Not to mention the comment that I “didn’t feel the need to fight for [my]self.” (I know, I can hear my friends and family laughing right now.) Additionally, my expression of frustration over figuring out a helpful exercise regimen while taking into account my other illnesses and injuries was misinterpreted by another individual as “giving up.” So even though I really didn’t have to, I set things straight and did some editing to paint a more accurate picture of my daily life.
But the accusation about not feeling the need to fight for myself…I’m a fighter. If you want to know how, you can actually educate yourself by reading more of my blog. I’ve been kicking butt and taking names for 17 years, since the onset of my endometriosis symptoms at the age of 14 (and the diagnosis that took another 14 years to make), long before I even had POTS.
I appreciate suggestions from other individuals. I love having discussions about what treatments and modifications work for others and how they might work for me, too. After all, I am a healthcare professional and love to talk shop sometimes, hehe. But it’s made me think. What right do we have to judge one another for how each individual decides to handle their own chronic illness? Especially for a condition like dysautonomia, where there are no clinical guidelines on how the condition should be treated.
Not to mention the fact that no two POTS patients are the same. Some patients with POTS are able to work and live mostly normal lives, while others are literally bedridden while they try to figure out an effective treatment protocol. Some people really do have it worse off than you do. Would you accuse those individuals of giving up? Would you accuse those individuals of not fighting for themselves? I couldn’t walk normally without crutches or a brace for almost two months after knee surgery, but that was a normal part of the recovery as I went through four months of on-site physical therapy. I had some setbacks due to overdoing it at work, but I was certainly fighting for myself and not giving up, even if it took a long time for my gait to return to normal.
Let me reiterate: no two POTS patients are the same. We cannot compare ourselves to one another and assume one person is doing it right and the other person is doing it wrong.

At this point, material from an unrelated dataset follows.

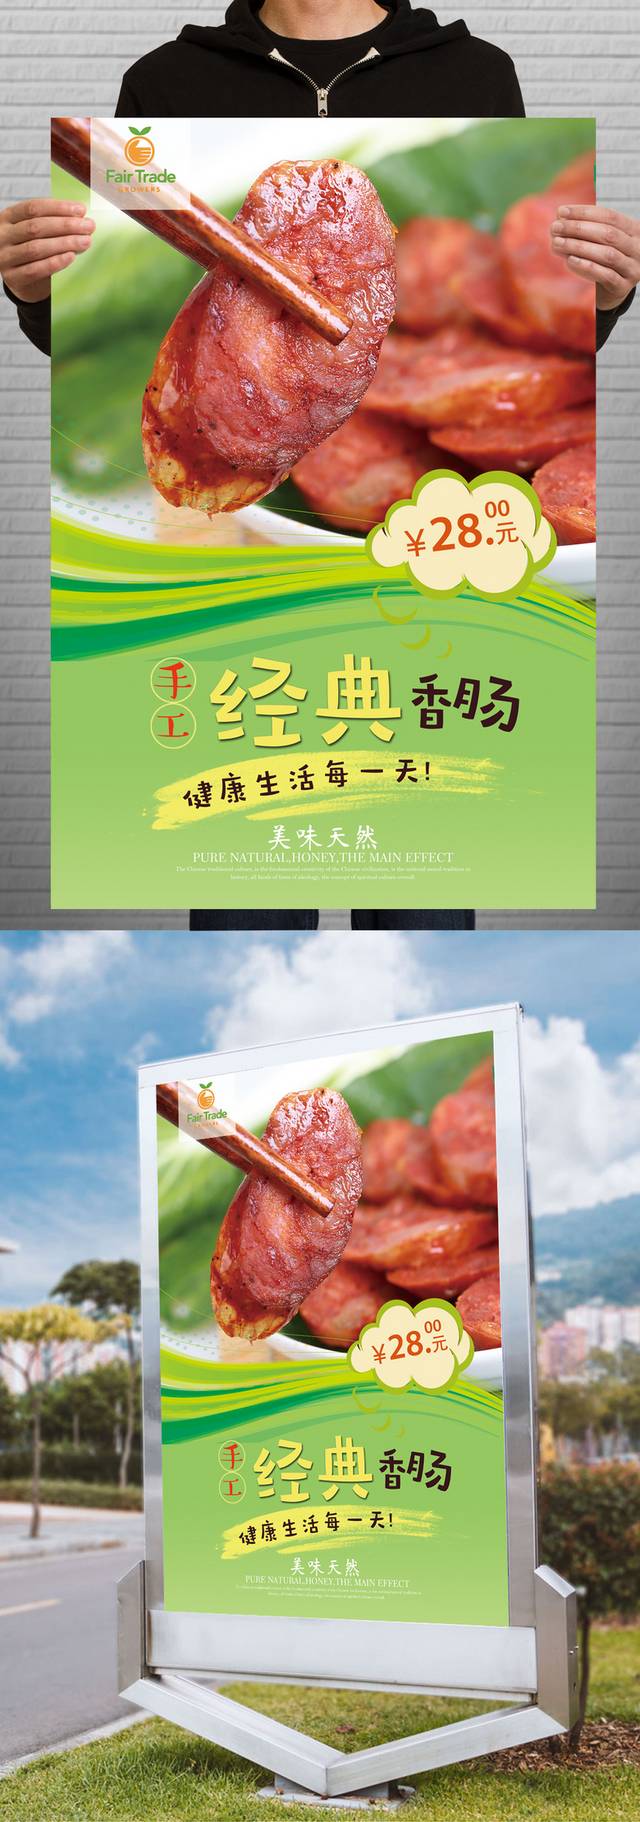 高清香肠宣传海报设计

Your child with POTS and EDS may be thankfully frolicking about like a normal child their age, but your child (I hope) doesn’t also have celiac disease, a knee injury, multiple other dance injuries including the left shoulder, left arm, left hip, left knee, and left ankle that cause physical rehabilitation to be a unique challenge, endometriosis, adenomyosis, depression, social anxiety disorder, infertility, a brain tumor in remission, an aneurysm hopefully on its way to oblivion, as well as POTS and (probably) hEDS. Everyone is different. The two of us aren’t even comparable except for the fact that we share one or two disease states. I appreciate a pep talk now and again, really I do. But accusing me of giving up when all I’ve done for the past 17 years is fight to be well despite my incurable illnesses is just inappropriate and low.
We don’t need to fight with each other. If those two individuals read this, and you know who you are, I know you weren’t speaking with malicious intent and I harbor no ill feelings against you. But we all need to keep in mind that we are all struggling differently with a chronic illness (and possibly other chronic illnesses as well) that manifests itself in many different ways from one individual to the next. We need to have compassion on one another and support each other, not tear each other down.
Let me end with this. Dysautonomia is a disease state where sometimes the only support an individual has is from other people with the condition in a support group, people they’ve never met and probably never will. Do you really want to be the one responsible for criticizing them in such a way that they wind up with no support at all?